The air sizzled with anticipation as stars blanketed the sky above the night stage at the Michigan Womyn’s Music Festival. This annual ritual, which occurred every August for forty years from 1976 to 2016, brought thousands of womyn from around the world to the Northern Michigan woods to sing, dance, laugh, and commune in a community created by womyn (including the construction of stages, showers, gathering areas, medical tents, transportation systems, garbage pick-up and kitchen), for womyn. While waiting for the nightly three-hour extravaganza, new friendships inevitably blossomed. That’s how Sharon and I met. Susan, Anne, and I sat gorging ourselves on pints of Häagen-Dazs® ice cream with a group of friends when Sharon turned around to rib us about it. That’s all it took for a friendship to be born.

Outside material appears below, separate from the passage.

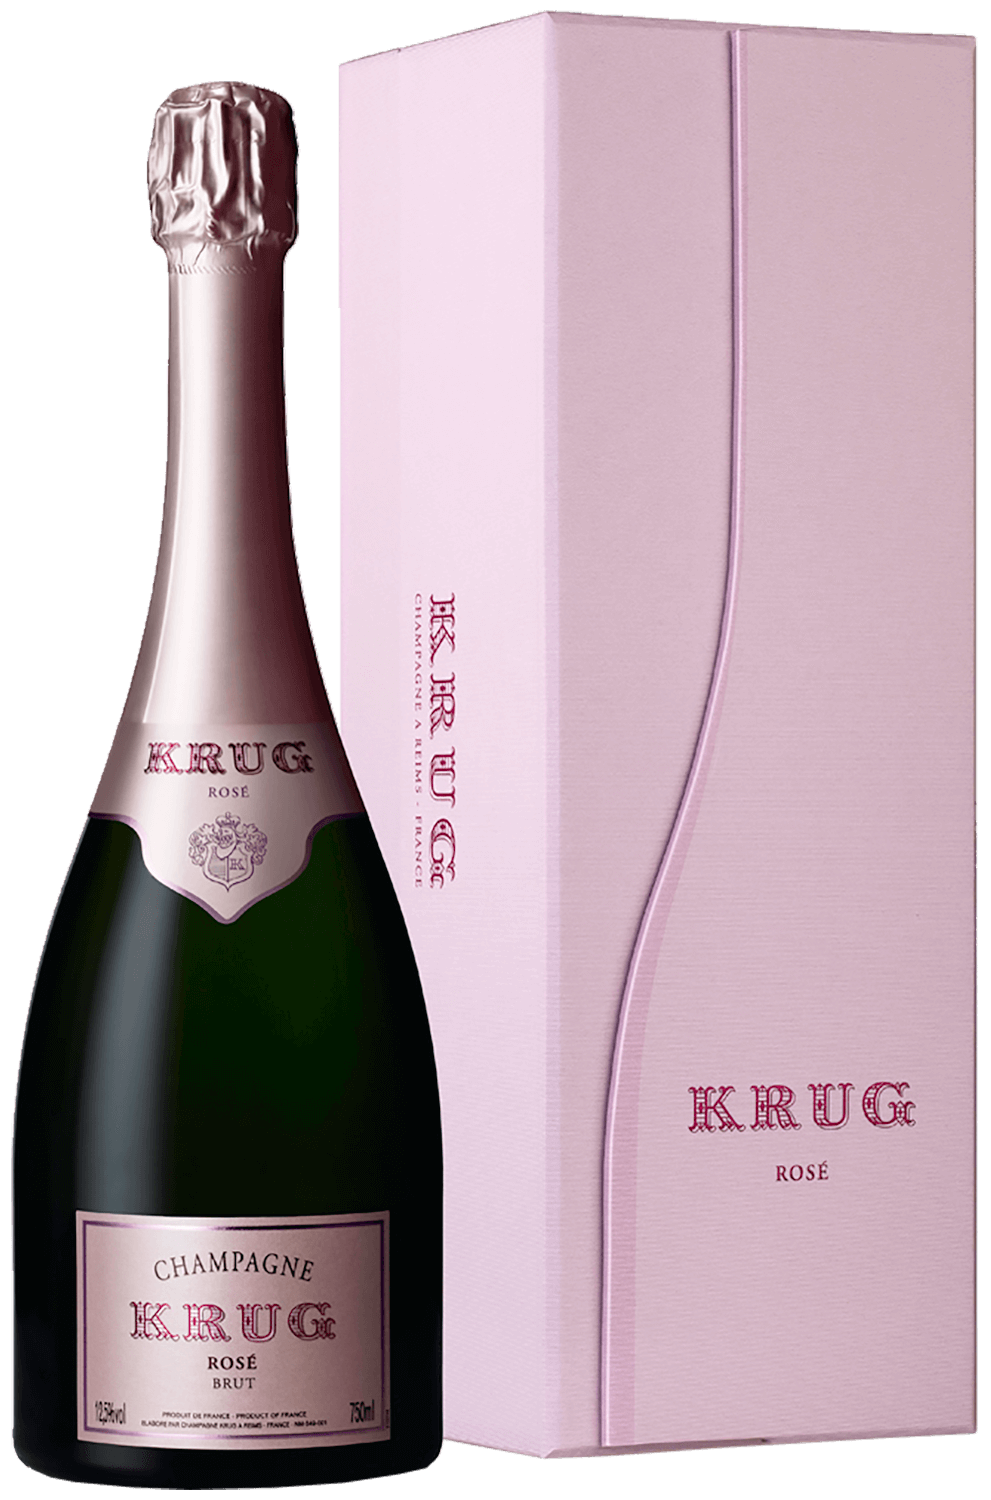 Krug Rose Brut Champagne AOC (in gift box) g h mumm grand cordon rose champagne aoc brut gift box

Sharon grew up as the child of Christian missionaries living in various locales around the world, including China, India, and Pakistan. From those experiences, she learned how to make home wherever she found herself, at least when it involved finding a place to sleep. Her adaptability challenged me to examine my own flexibility when I found myself in new surroundings.
Most importantly, though, Sharon taught me about what it means to respond to the needs of those you love. When Susan told those close to her that her cancer had returned and that her diagnosis was terminal, Sharon put her doctoral program at Notre Dame on hold to go to Chicago and become her caregiver. Susan already had physical challenges that made it difficult for her to walk. As her illness progressed, even leaving her bed became impossible. Sharon stayed with her, cared for her, and tended to Susan’s many needs so she could die in peace. Sharon did everything she could for her even if it meant that her own needs, her own plans, took the backseat.
Although I had the flexibility in my work to do the same, and even though I considered Susan my dearest friend, the thought didn’t cross my mind to step into that role. In fact, I even struggled to make time to visit Susan during her illness and only arrived the day before she died. Barely coherent at the time, Susan’s only words to me the last time I saw her were, “About time you got here.” She died soon after I left to head back to my all-too-important life, and although I can’t say for certain, I believe Susan waited for me to arrive so she could let her spirit go.
That experience changed me, and I vowed that I would not allow that to happen again. That’s why I was with Joy when her partner Carla died and why I helped my former partner Anne through her death. Sharon modeled for me that taking the time to be there for the most important moments in life, no matter what the personal and professional cost, is what faithfulness is all about.